* **What the task asks**
Only the lines from the one holding "фото фото самой" to the end of the data should be echoed, exactly as they appear, minus the pictures.

* **Data extract**
┄┄┄┄┄┄┄┄┄┄

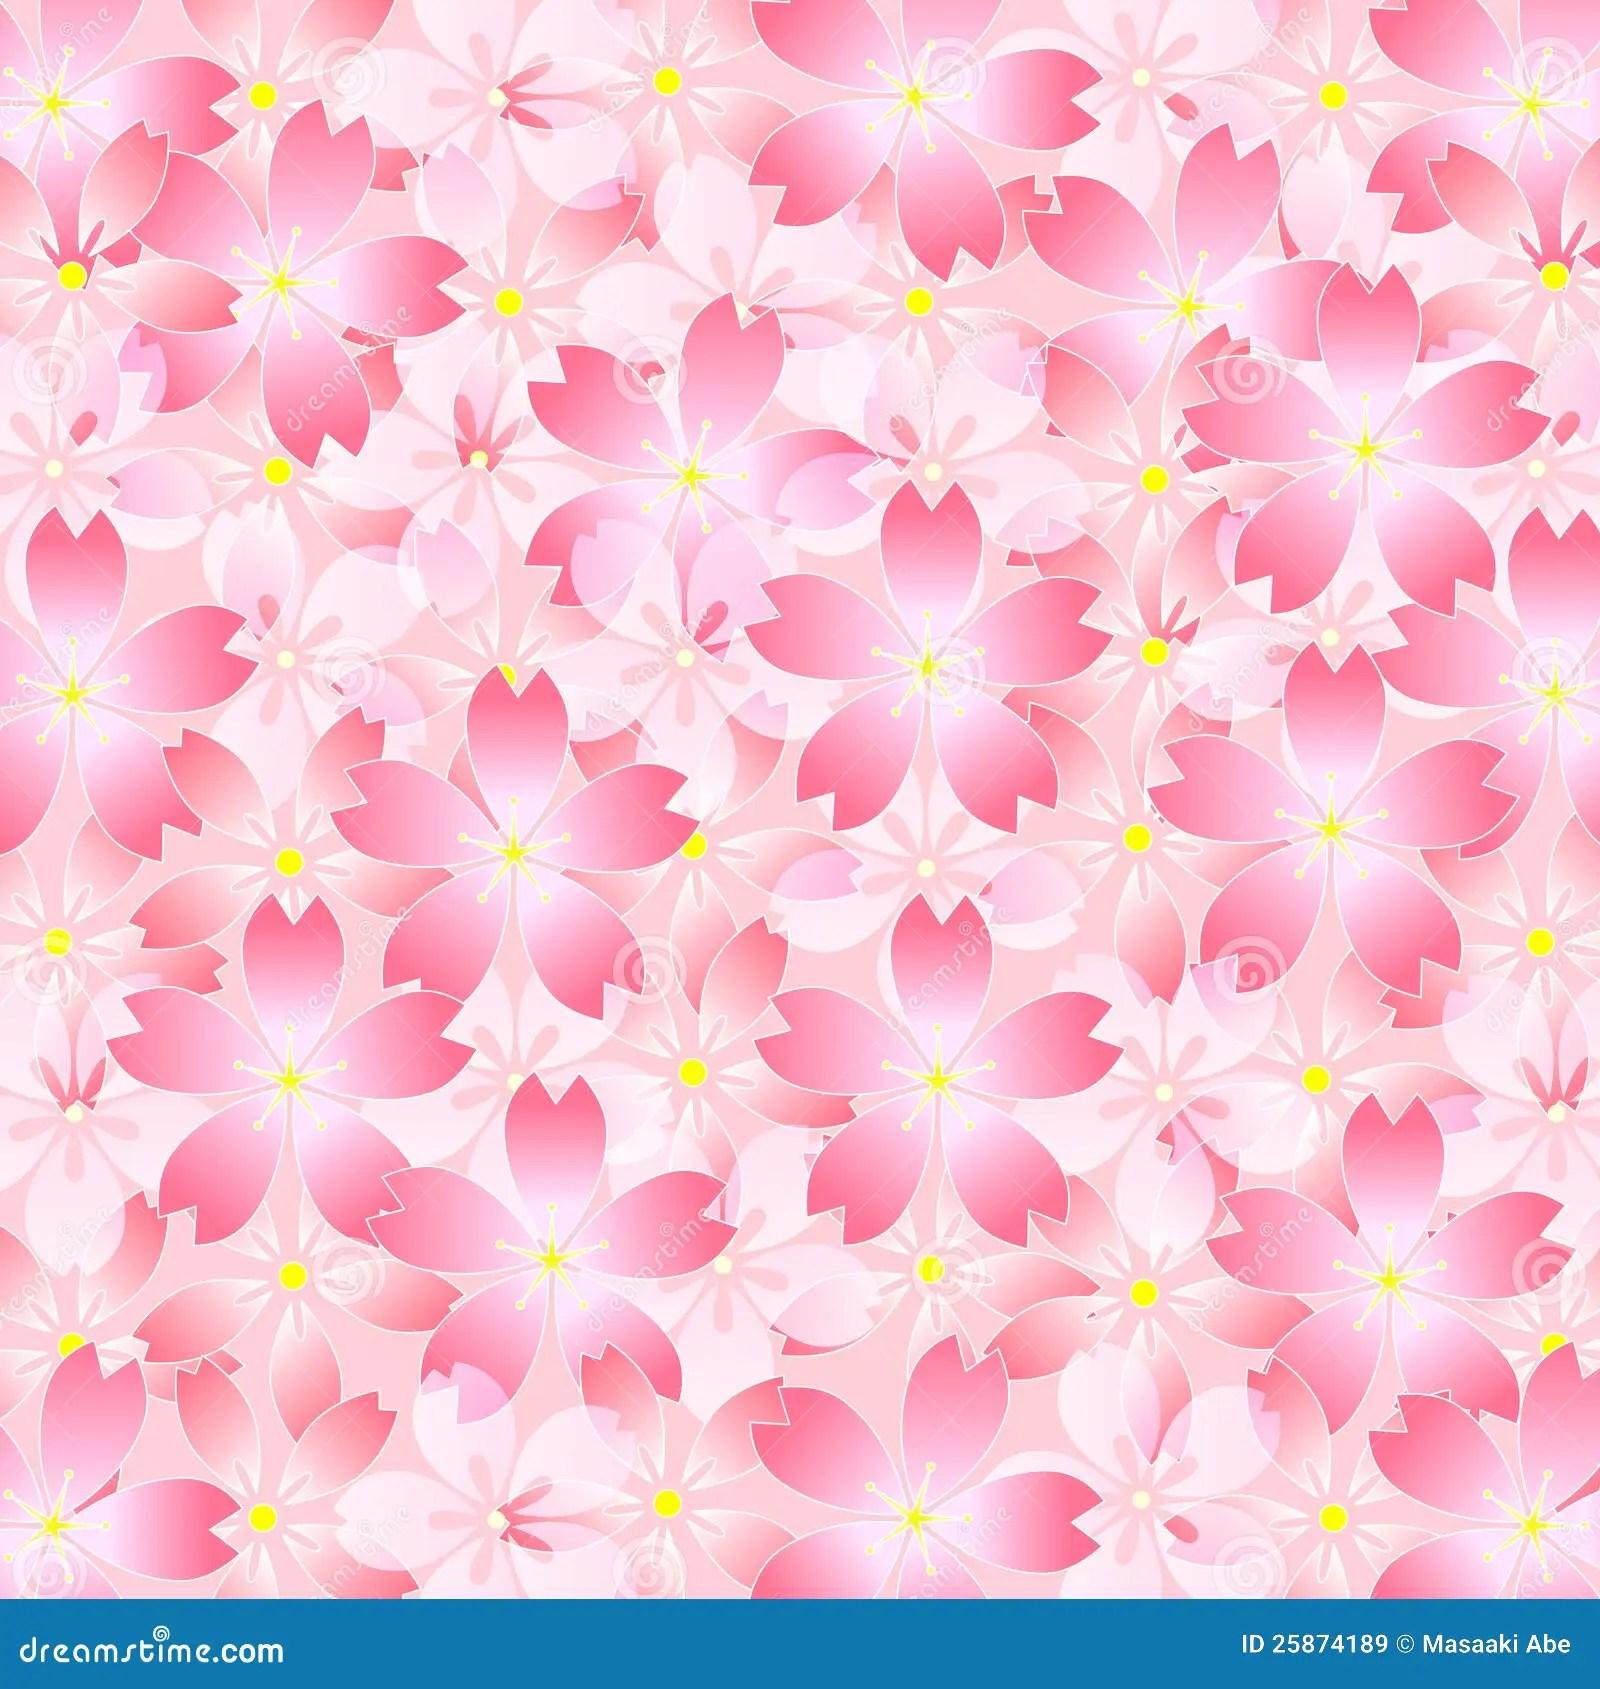 Cherry Blossom Wallpaper Hd Sakura Cherry Tree Background Royalty Free Stock Images
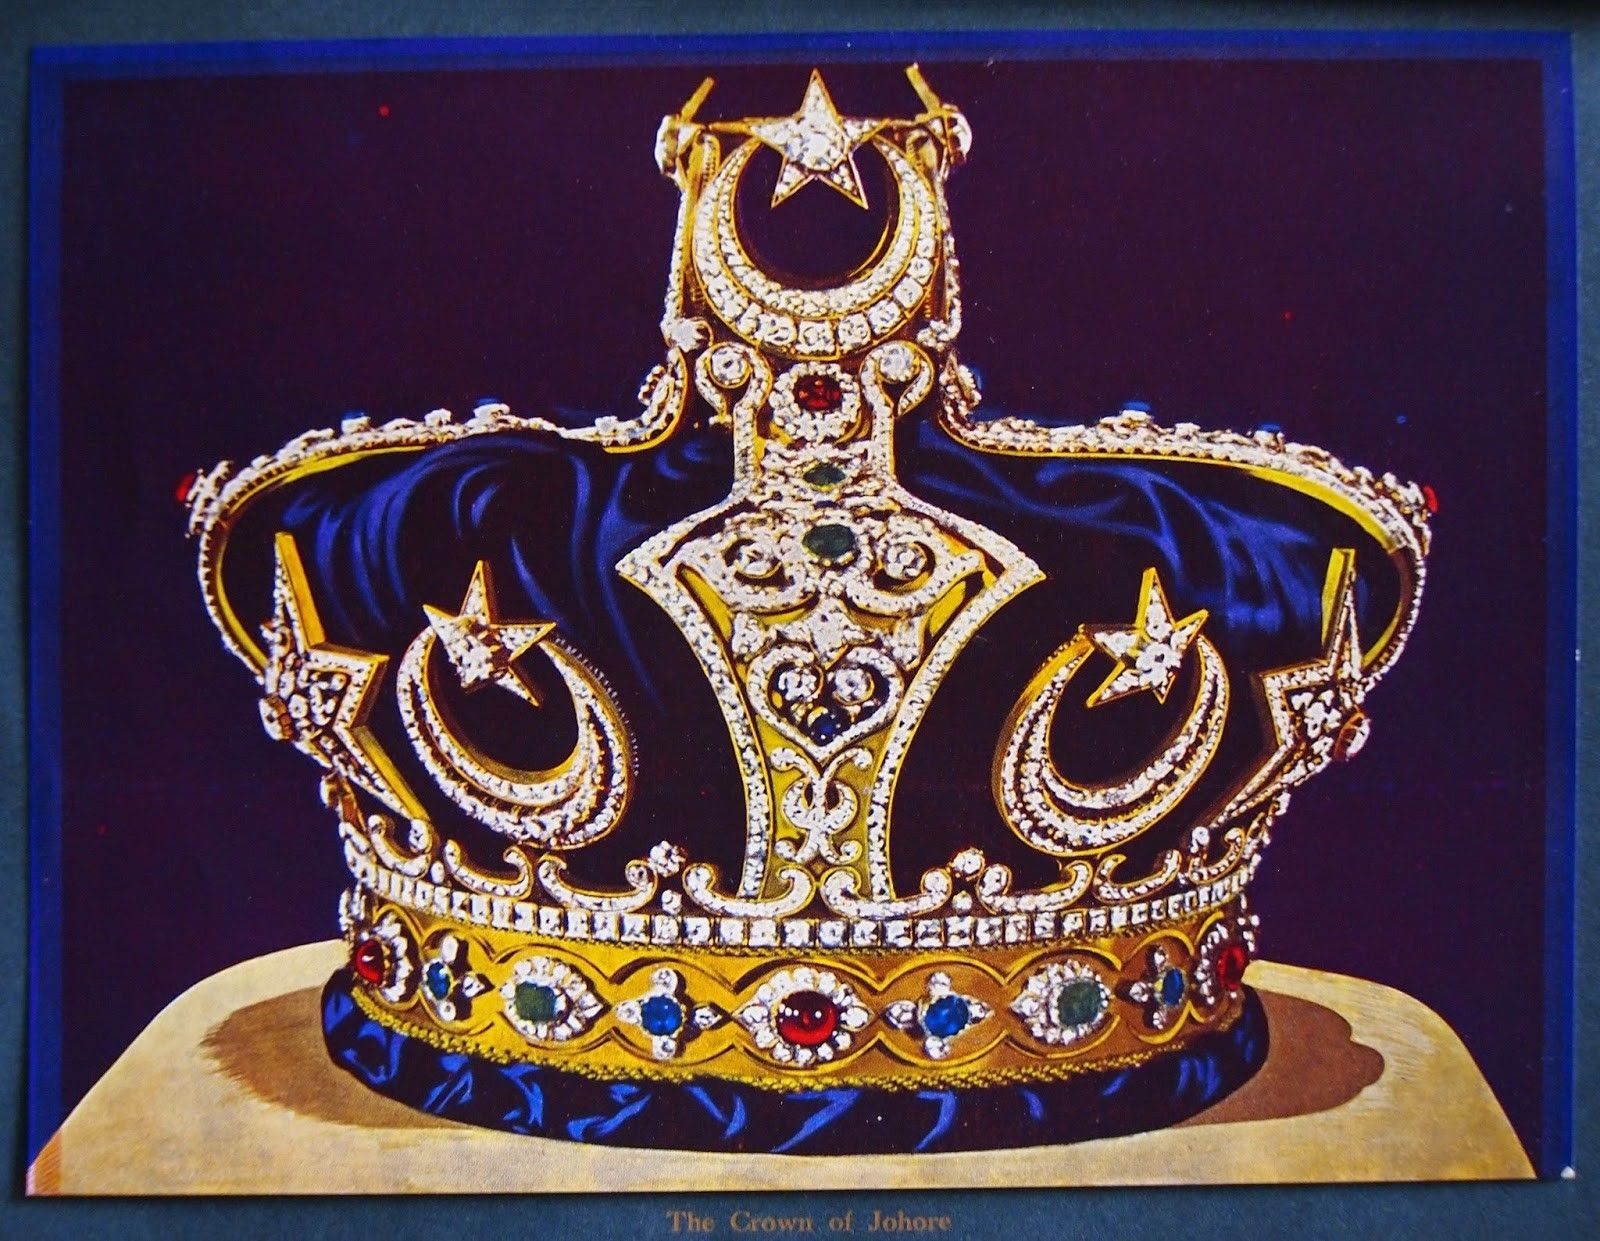 фото фото самой дорогой турецкой короны для мужчин кабан лесу
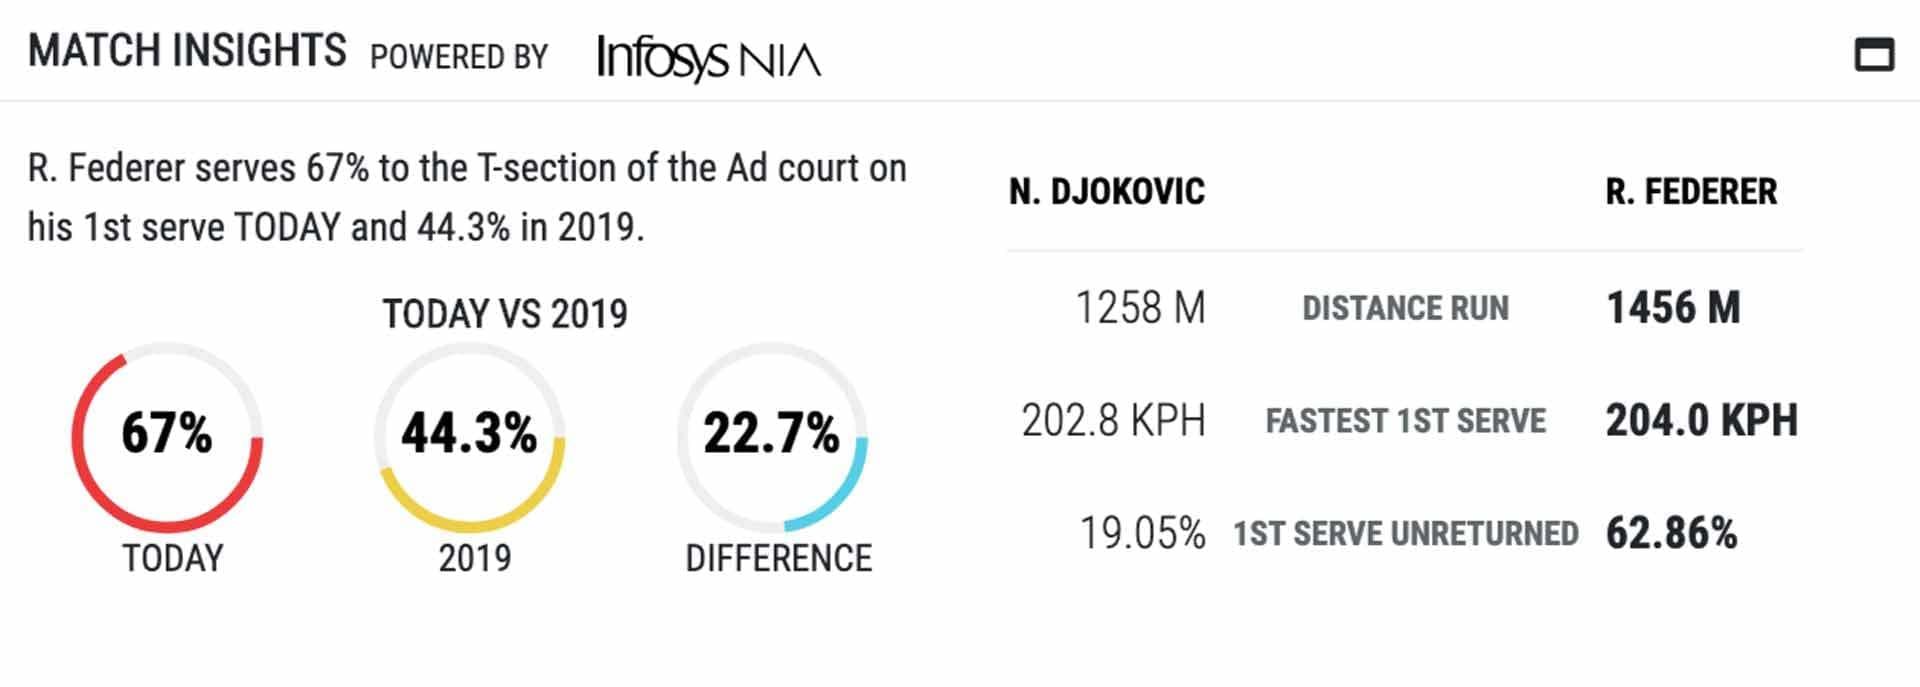 Infosys ATP Scores & Stats analysis

┄┄┄┄┄┄┄┄┄┄

* **Answer to this exercise**
 фото фото самой дорогой турецкой короны для мужчин кабан лесу
 Infosys ATP Scores & Stats analysis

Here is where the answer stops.